Impact on existing functionality
To properly support this extension, implementations will need to:
- Allow upload/download of opaque binary data in the
/data
section of the dataset - Update ingest procedure to ensure referrential integrity - that hashes that appear in such columns have corresponding data objects uploaded
- Update compaction procedures to combine linked object summaries
- Update smart and simple transfer protocols with an additional stage that download/uploads the external data chunks.
- Update dataset data size summaries to separately mention the number of linked objects and their total size.
Compatibility
The change is backwards and forwards compatible in a sense that introduction of the new logical type and extending the AddData
event will not break old clients - they will be able to work with updated datasets, although they will not transport the external objects along with them.
Drawbacks
Rationale and alternatives
Rejected: Linking binaries via metadata chain
Initial idea was to introduce a special event or to extend AddData
to allow linking the binaries.
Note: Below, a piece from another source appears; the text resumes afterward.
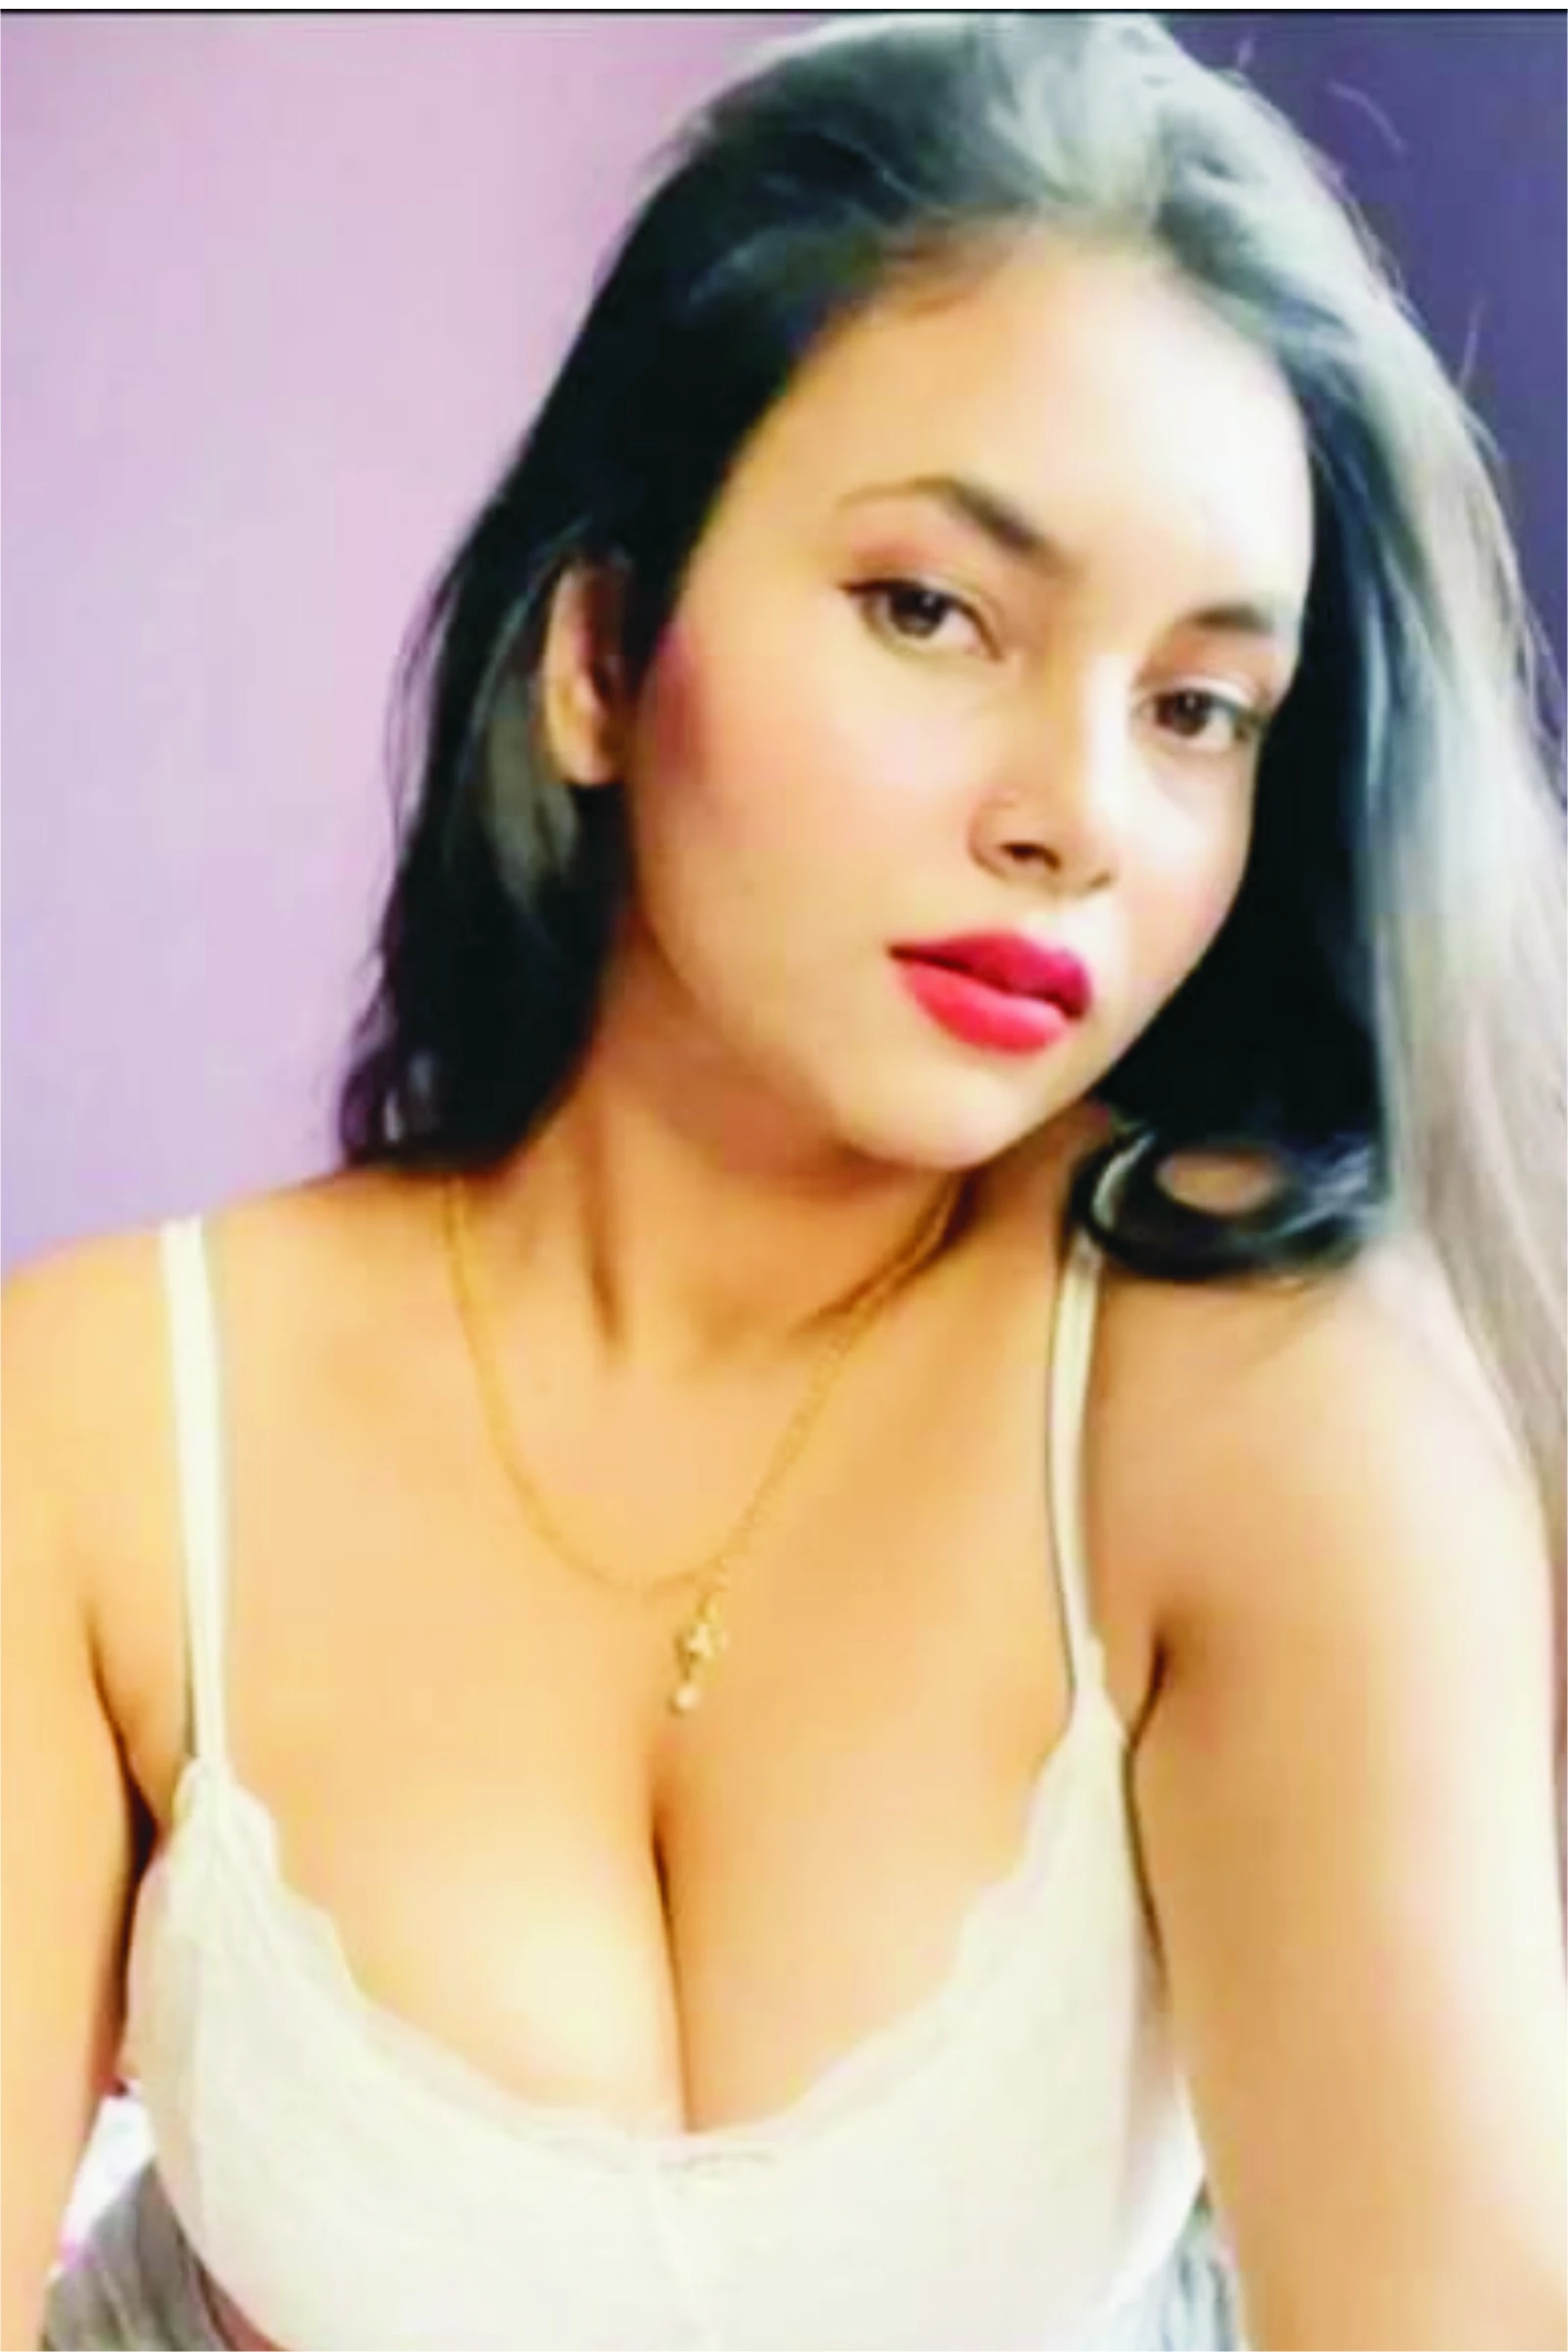 Kopar Khairane Call Girl Service At Very Low Rates In Hotel And Home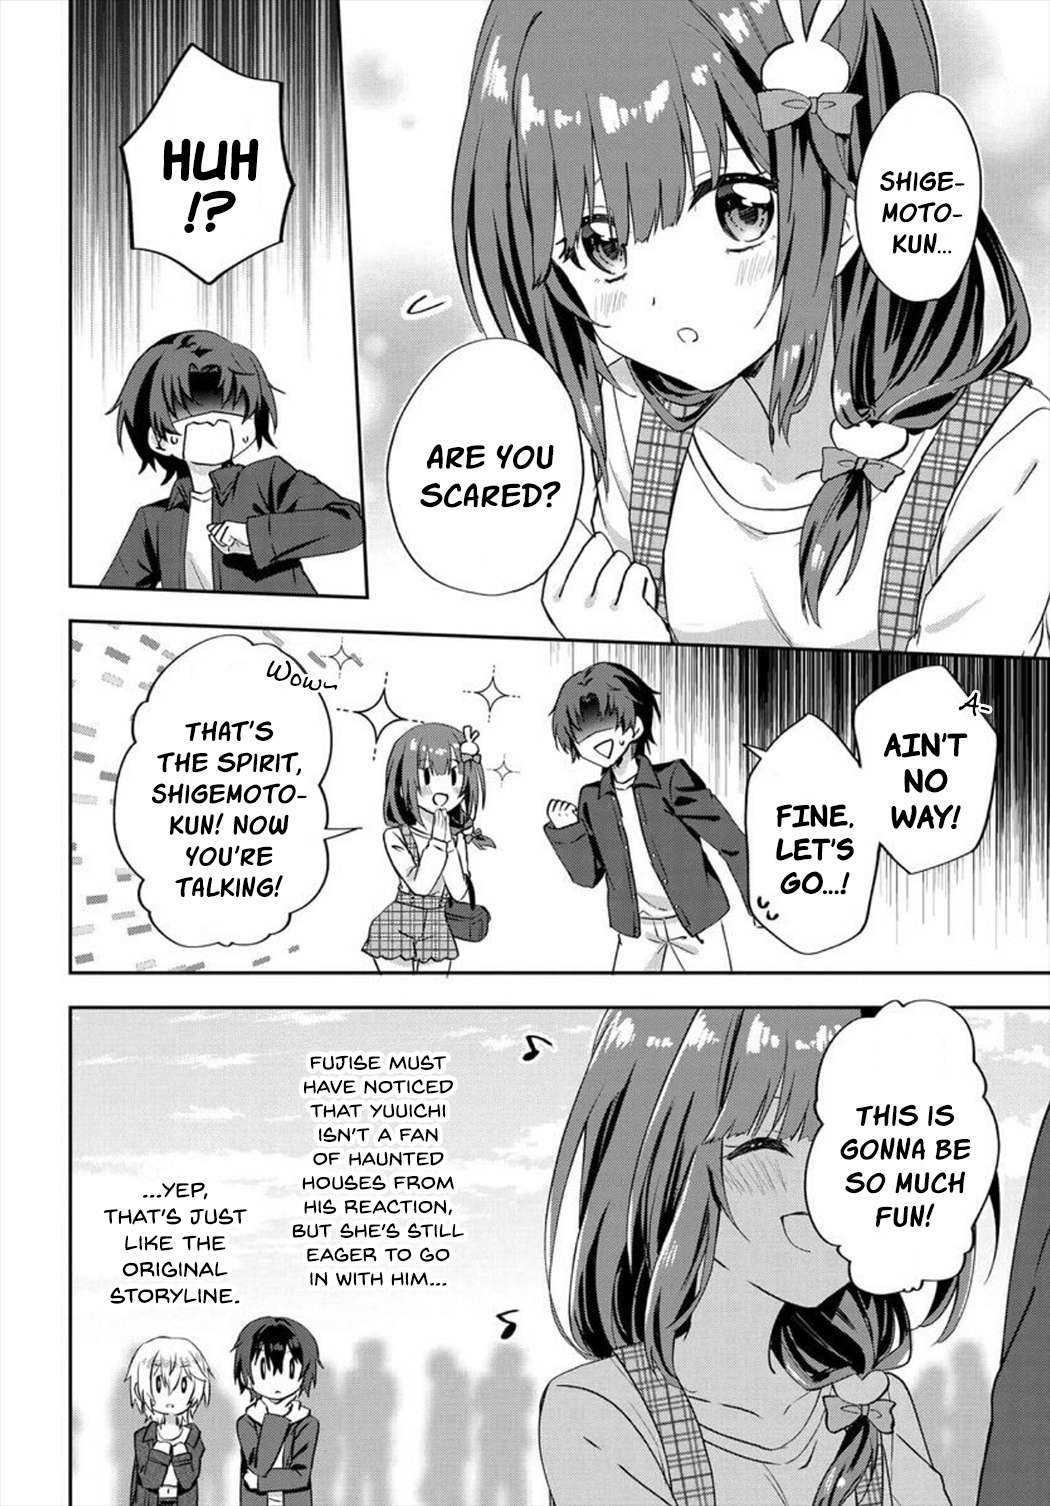 Since I’Ve Entered The World Of Romantic Comedy Manga, I’Ll Do My Best To Make The Losing Heroine Happy - chapter 7.2 - #3

This would allow to identify which binaries are linked to the dataset using only the metadata chain.
This however introduces many problems:
- Duplication of information between metadata and data chunks
- Having two “sources of truth” that opens up avenue for dangling references
- Issue of compact storage - metadata was not meant to store a lot of information, but this opens up possibility for it to have millions of linked object entries.
We rejected this path in favor of storing links only in data chunks, even though it also has drawbacks:
- We now need to read the data chunks in order to see all linked objects complicates the process of scanning
Prior art
Unresolved questions
Linked objects in derivative datasets
It’s not clear how linked objects should be treated in derivative datasets. We may want to at least support plain propagation of ObjectLink
columns. In this case we likely want to reuse the data objects from the input datasets instead of duplicating it to derivative dataset. This entails cross-dataset content links which may complicate size computation and grabage collection.
Future possibilities
External storage support
While the initial implementation aims to store large files as part of the dataset itself, we can extend this mechanism in future to support external storages for large objects.
Ideally the choice of storage could vary and be selected on per-node basis, e.g. one node may keep all data together, while another keep objects in a separate cheaper bucket. This means configuration of where liked objects are stored should be separate from ObjectLink
column definition.
IPFS case is tricky as CID != hash of data - it can vary due to slicing settings. We likely want to store reference that represent content hash independent of the physical file layout of the object, which will require additional layer of mapping between hash references and CIDs.
Accounting for duplicates in size calculation
We chose to populate metadata with sizeNaive
as we don’t want to require deduplication of references. Deduplication across the whole dataset would involve complex queries that span multiple data chunks which is impractical during ingest stage.
We cannot rely on checking if object store previously contained referenced object during the upload, as this would require complex accumulation of state during the uploads and passing it to ingest. It still would likely to be incorrect in presence of different merge strategies, retractions, compactions, and purging of history.
Even if we performed full deduplication within a dataset during every ingest, depending on the storage used by a node additional deduplication may happen on the storage level (e.g. across multiple datasets), so the size calculation may still over-estimate the footprint.
We therefore decide to keep “naive” size counting as a very rough estimate and leave it up to individual node implementations to perform exact size calculations, e.g. in a heavy background process, if desired.